I'll have to look into the clamping side of things. I do have a feeling that this stewmac caul doesn't put as much pressure as would be desireable on the back of this bridge (but then, it is a one-size-fits-all caul...). A G clamp (or three) with a deep throat and a caul made to fit the bridge may be a better option. Cranking the clamp down hard does frighten me a bit though, I have to say...

Anyway, the bridge has been sanded to conform to the top profile, as per Hesh's tutorial. I'm going to sleep on it (it's night time in my part of the world) and decide on a course of action tomorrow.

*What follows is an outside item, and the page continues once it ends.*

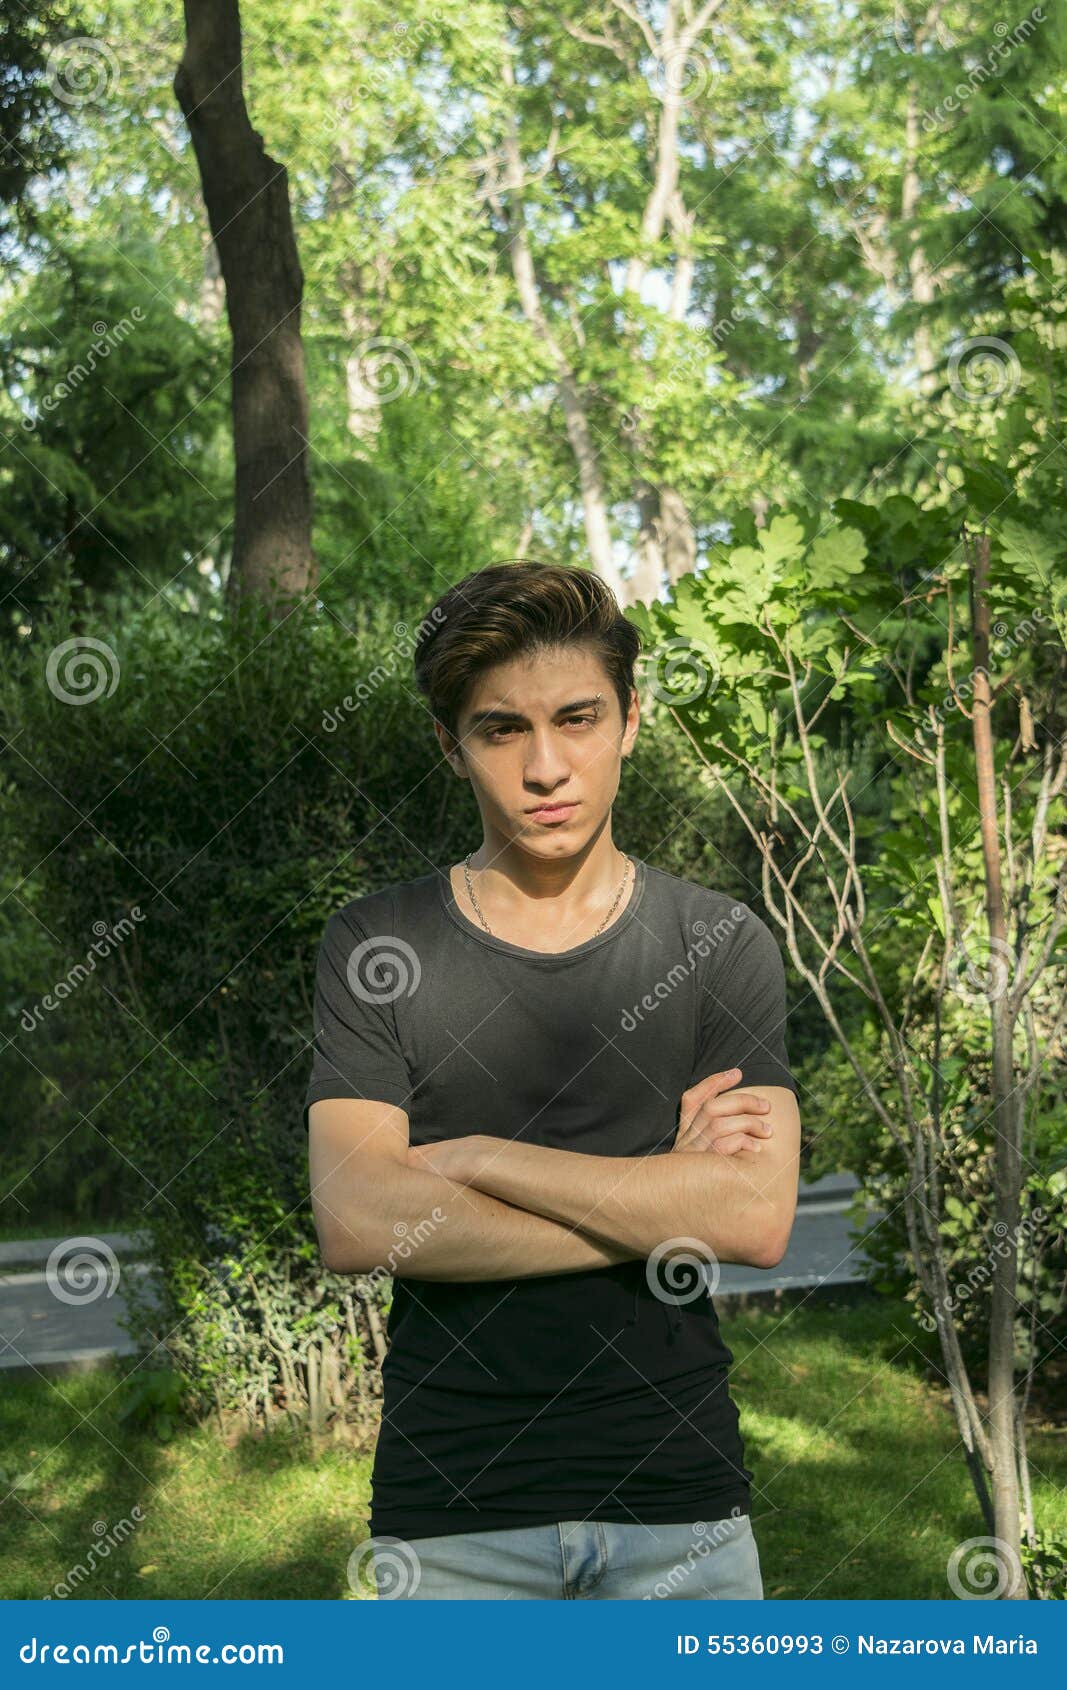 Teen guy stock image. Image of hand, meadow, park, cheerful - 55360993
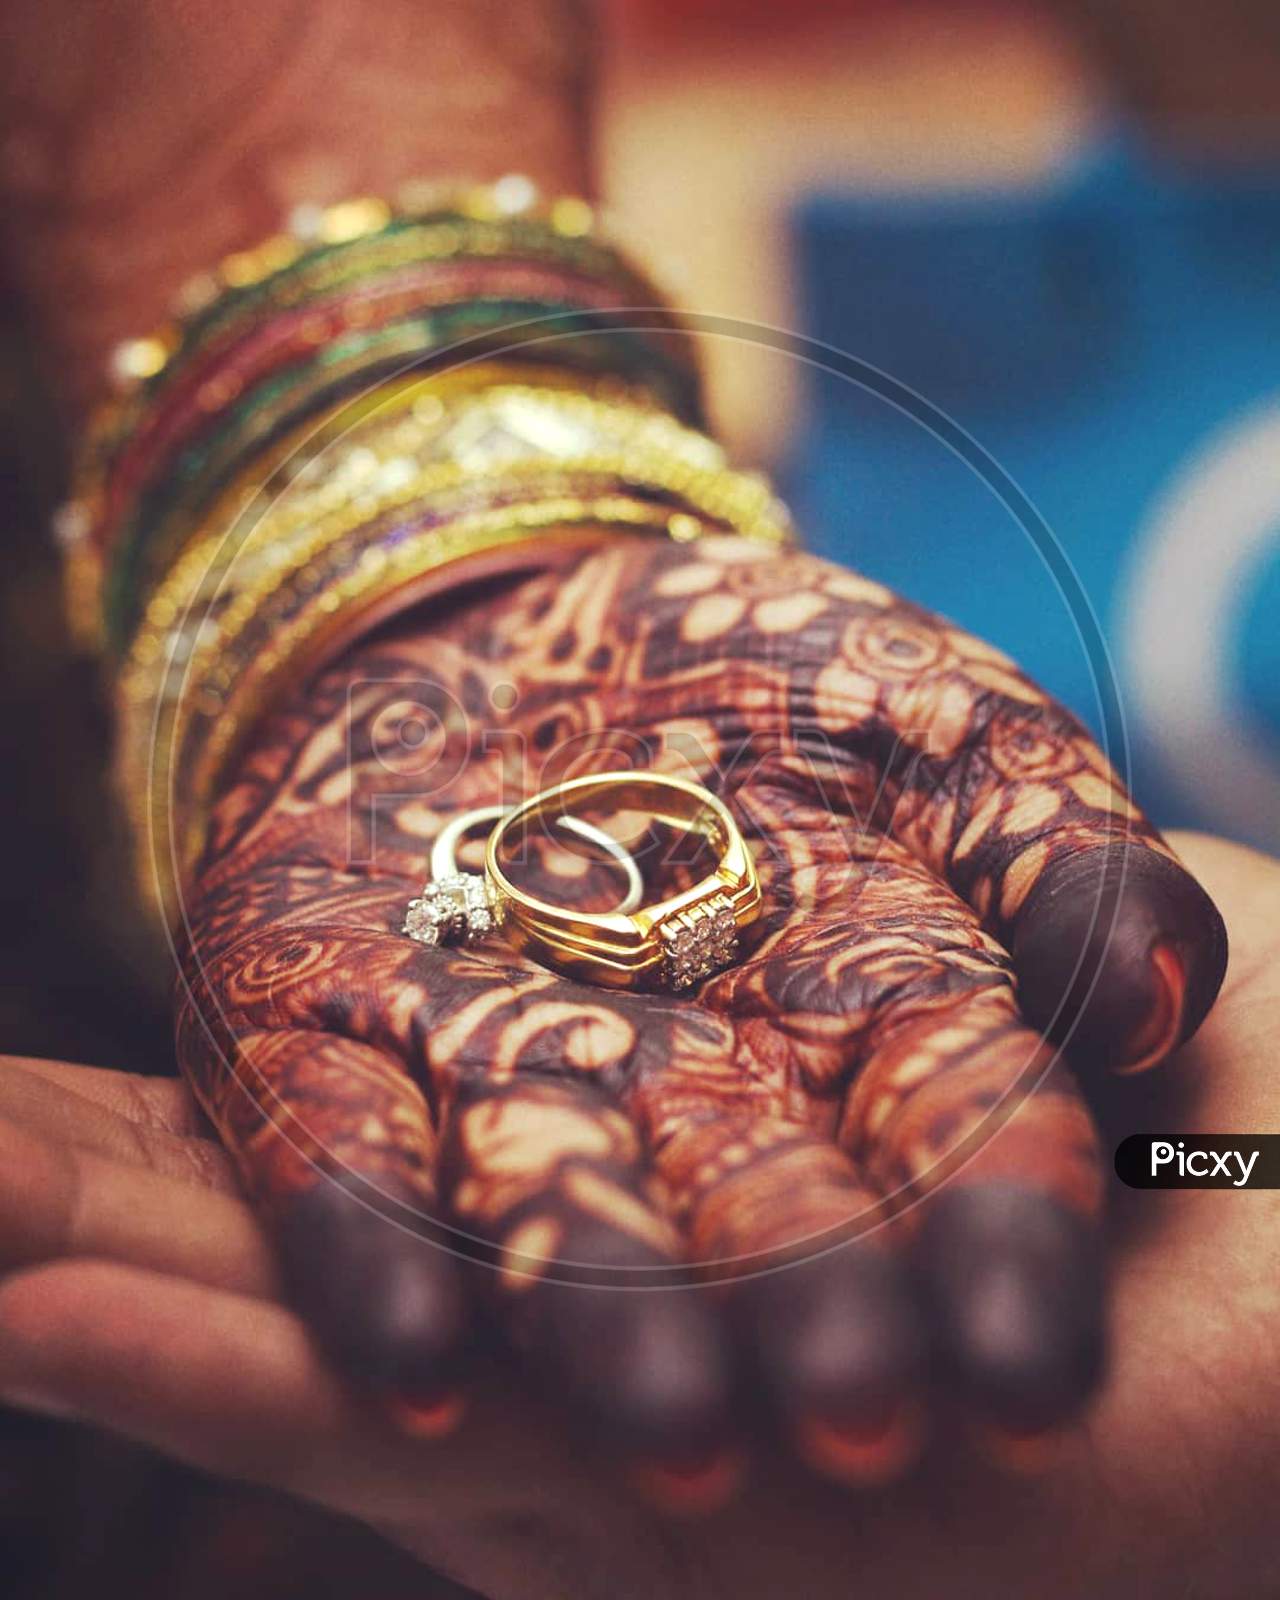 Engagement rings in hands of bride and groom

There's been a lot of advice offered here and I'm really grateful for everybody for their take on the problem.

Well, I do tend to be fearless when it comes to clamping bridges.  This is my go-to clamp for use with the StewMac caul setup, and the smallest clamp I'd use with it:

  I don't always use that particular screwed-on lower caul, but I do always use something that heavy, and I lean pretty hard on the clamp handle when I squeeze things together.  

The literature for hide glue suggests pressure in the neighborhood of 100 lbs/sq. in., so that means we can put better than 500 lbs. load on a bridge/top joint without any fear of "starving" by squeezing out all the glue.

I remember seeing that clamp on your website, Frank. One day I'll make something like that, or have one made... 

Yeah I want one of those too!

We keep our HHG in a pot all day long but I like the microwave idea and also like the idea of never having to worry about forgetting to pull the plug on the pot when I am half way home....

Thanks for some great ideas Frank!  Does it impact the glue heat if your business partner left a three day old burrito in the microwave.... ;)

I'd think that a better question is; Would it impact the burrito if your business partner left a three day old cup of glue in the microwave? 

Or how about; Would it impact the bridge glue joint if we mixed a three day old burrito and a cup of glue in the microwave?